Pakistan Seeks Global Crypto Partners With Strict Entry Rules
Pakistan is inviting the world’s biggest cryptocurrency companies to set up operations under a new federal regime, offering licences only to firms already recognised by top regulators in the United States, Europe, the United Kingdom, the United Arab Emirates and Singapore.
The call for proposals comes from the newly created Pakistan Virtual Asset Regulatory Authority (PVARA), which is tasked with bringing order to a market estimated to handle more than $300 billion in annual trading.
New Watchdog Opens The Market
PVARA, established under the Virtual Assets Ordinance 2025, is asking exchanges and virtual asset service providers (VASPs) to submit detailed Expressions of Interest.
Applicants must present company profiles, proof of existing licences, records of anti-money-laundering and counter-terrorism financing compliance, technology and security standards, and a business model tailored for Pakistan.

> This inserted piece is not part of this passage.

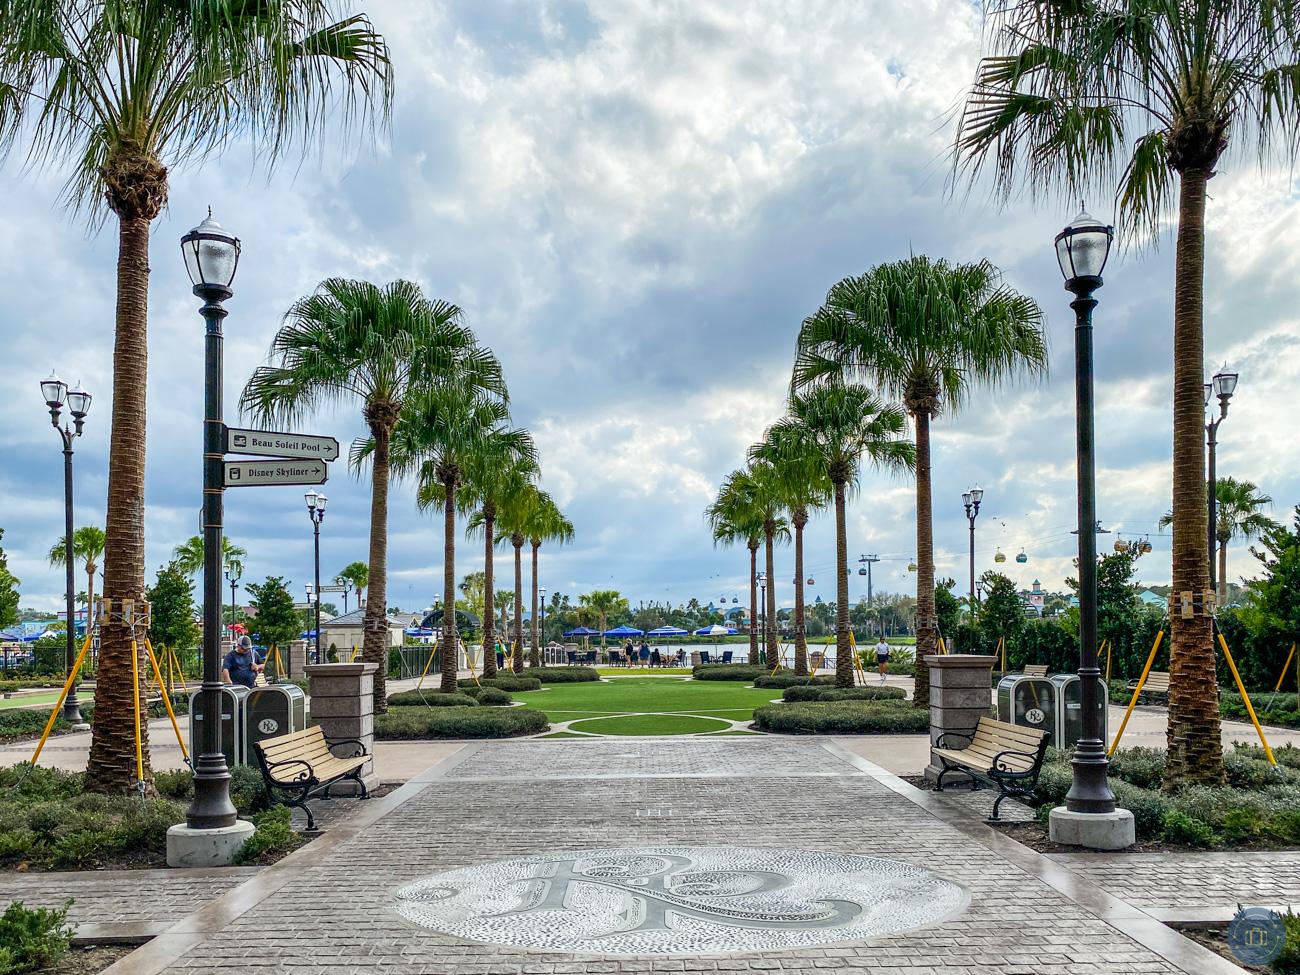 courtyard at the Disney World Riviera Resort
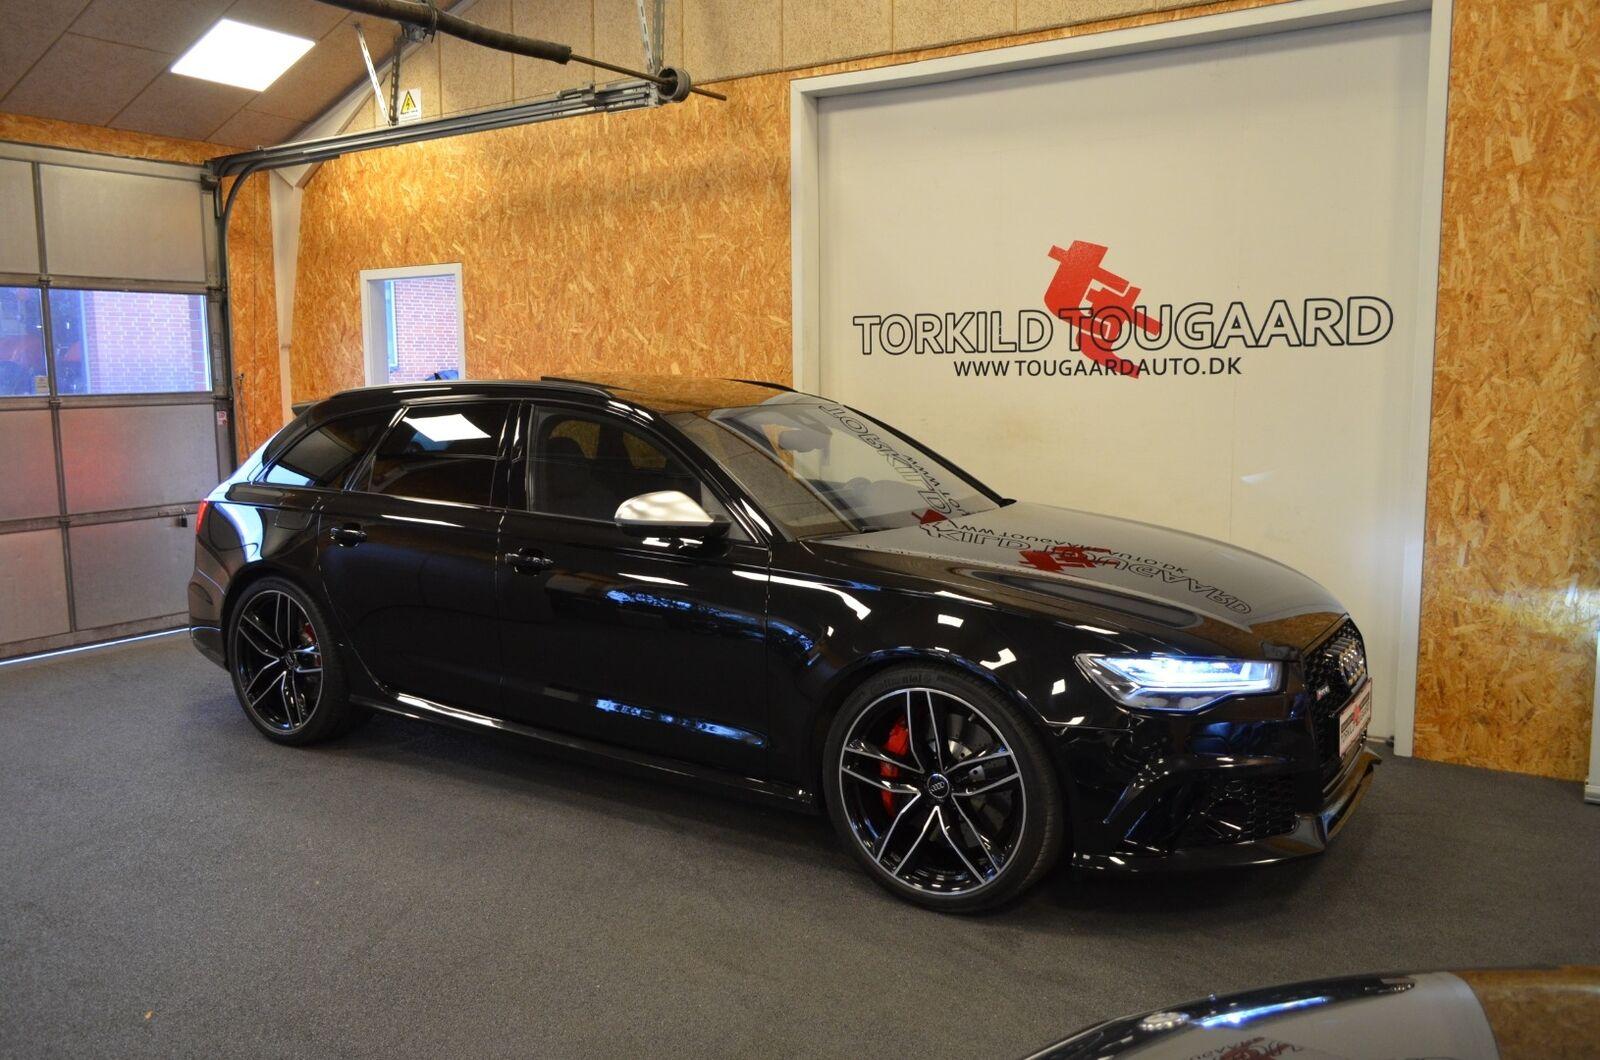 Audi RS6 4,0 TFSi Avant quattro Tiptr. 5d - 1.349.800 kr.

Bilal bin Saqib, PVARA chair and minister of state for crypto and blockchain, said,
“This EoI is our invitation to the world’s leading VASPs to partner in building a transparent and inclusive digital financial future for Pakistan.”
Plans To Harness A Young Digital Population
Authorities see crypto as a way to attract foreign capital and modernise the financial system.
Pakistan ranks third globally in cryptocurrency adoption, according to Chainalysis, with more than 40 million users already active.
Officials believe regulated platforms could channel this activity into legitimate investments, boost remittances and provide new payment systems.
The framework also includes regulatory sandboxes to test services such as tokenisation pilots, custody solutions and Shariah-compliant products.
Bitcoin Reserve And Energy Allocation Add Momentum
Earlier this year, the government announced a strategic Bitcoin reserve and allocated 2,000 megawatts of surplus electricity to support Bitcoin mining and artificial intelligence centres.
Speaking at the Bitcoin 2025 conference in Las Vegas, Bilal bin Saqib said these steps signal a “new pro-crypto regulatory approach” designed to diversify the economy and create jobs.
Concerns From Global Lenders
The International Monetary Fund has voiced unease about using subsidised power for crypto mining, warning it could strain the energy grid.
Economist and former Federal Board of Revenue chairman Shabbar Zaidi added that digital currencies “flourish because they leave no trail. A currency born unregulated cannot be regulated,” highlighting worries over illicit cross-border transfers and parallels with the informal hawala system.
Licensing Designed To Match Global Standards
PVARA’s governing board brings together the State Bank of Pakistan, the Securities and Exchange Commission and the Federal Board of Revenue to ensure strong oversight.
Applications are accepted on a rolling basis, and companies must demonstrate robust cybersecurity and consumer protection measures while meeting international norms set by the Financial Action Task Force, IMF and World Bank.
Pakistan Bets On Global Crypto Partnerships To Boost Economy
Coinlive views Pakistan’s invitation to global crypto giants as a bold economic experiment.
By offering licences only to firms already vetted by heavyweight regulators, Islamabad is chasing credibility while trying to turn its thriving informal crypto scene into a formal industry.
The rewards could be immense: foreign investment, jobs for a young tech-savvy population and a new role in global finance.
Yet the risks are equally clear.
Energy pressures, IMF resistance and the challenge of policing decentralised assets could test the country’s resolve.
Pakistan now stands at a crossroads where ambition meets regulation, and its next moves will reveal whether it can transform enthusiasm into sustainable growth without losing control of the very market it hopes to lead.